Patients consume health care but they don’t pay the bills. Health insurance is so expensive in America because third parties, the real customers (insurance companies, employers and the government) pay the bills and make decisions in the name of the patient.
Patients are disconnected and insulated from the financial and medical decisions associated with their own health care. “When the direct linkage between the use of medical facilities and payment is broken, medical consumers lose their incentive to economize on their use of medical resources.”[1]
People will shop around and spend the time looking for the best prices when they have to spend their own money. It’s human nature. But because most health care consumers are out of the cost decision making loop, they neither know how much their treatments will cost ahead of time, nor do they feel responsibility to control costs for their own health care.
In a survey of 2,000 people with employer sponsored health coverage commissioned by Great-West Healthcare,[2] the people who responded spent twice as much time researching the purchase of a new car as they did researching their health coverage.
* When consumers were asked to “guess” prices, they were within 1% on the price of a new Honda Accord, 8% on the price of a round trip airline ticket, but were off by 56% on the cost of a 4-day hospital stay.
* 63% discovered the cost of medical treatment only after they received the bill and 10% never knew.
* When asked if individuals should be extremely responsible for controlling medical costs, only 20% thought so.

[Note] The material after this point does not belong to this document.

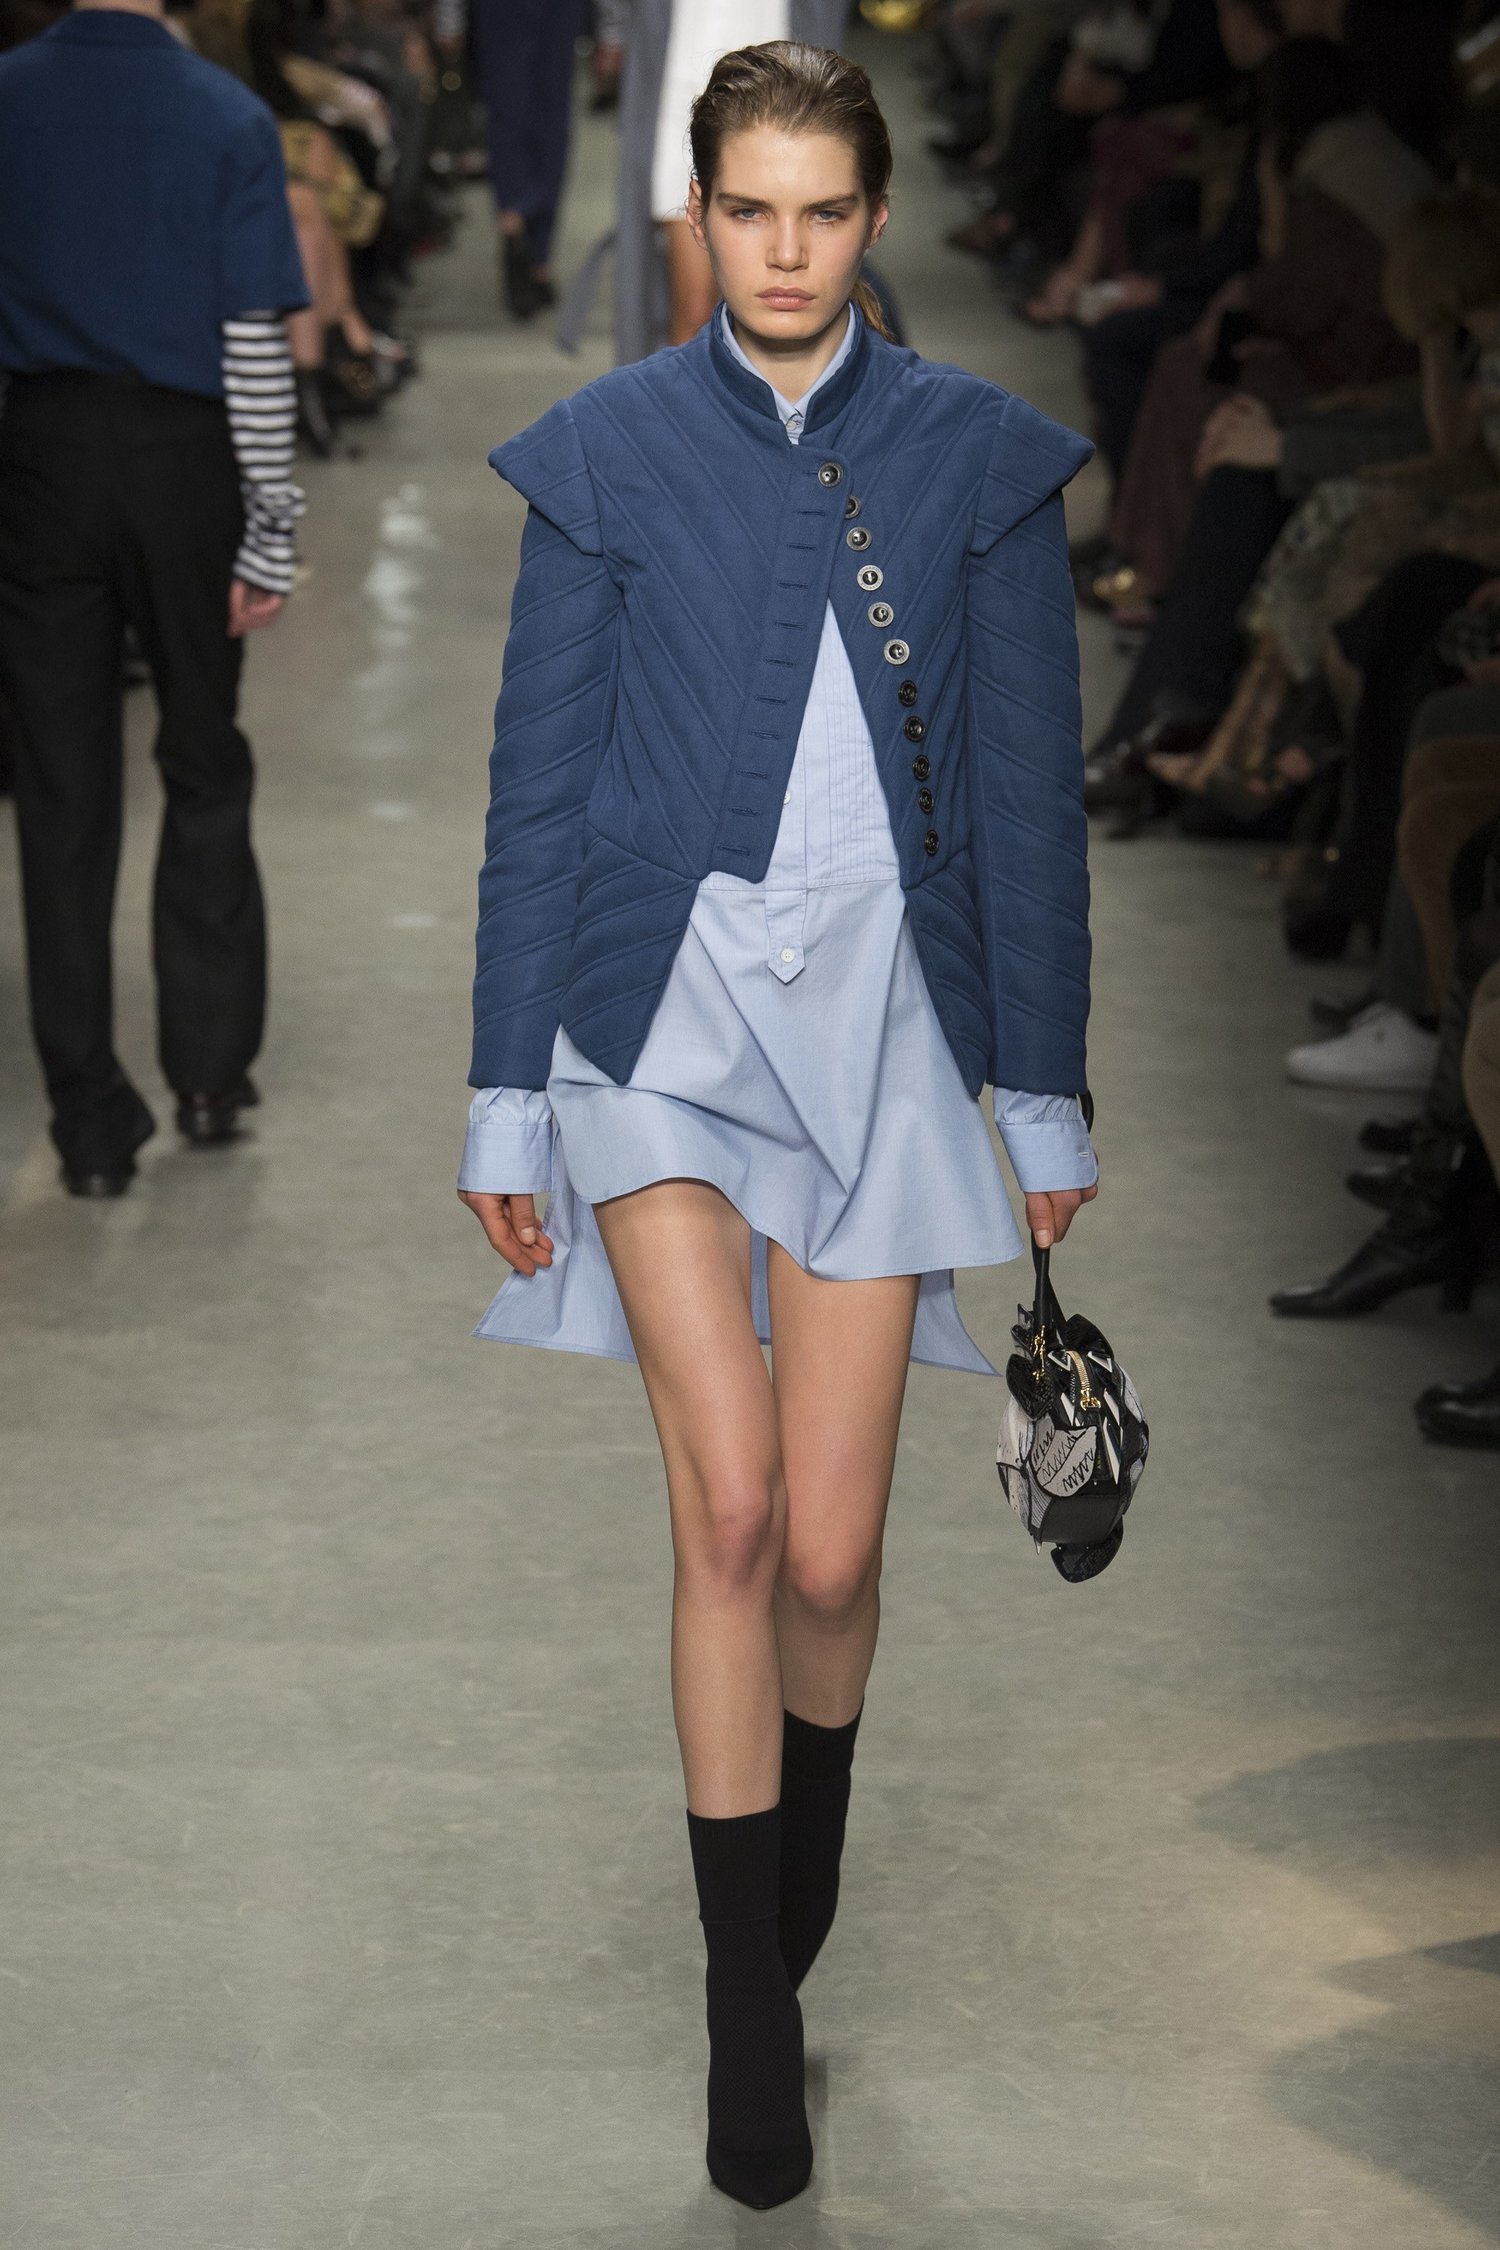 London Fashion Week: Hues of Blue — NYCSTYLIST | Wardrobe Styling ...

State minimum coverage mandates drive health insurance costs even higher and are “One of the major causes of high-priced health insurance in the U.S.”[3]
States increase upward pressure on health insurance costs when their “Guaranteed issue” regulation forces insurers to provide health coverage to all applicants regardless of health status.[4] As of 1999, 45 states restrict the ability of insurers to set rates based on an applicant’s state of health [5]
* 21 states restricted rate variation based on health status to no more than 2:1
* Community rating (pure or modified) doesn’t allow any consideration of health status for rate setting and is required in 13 states.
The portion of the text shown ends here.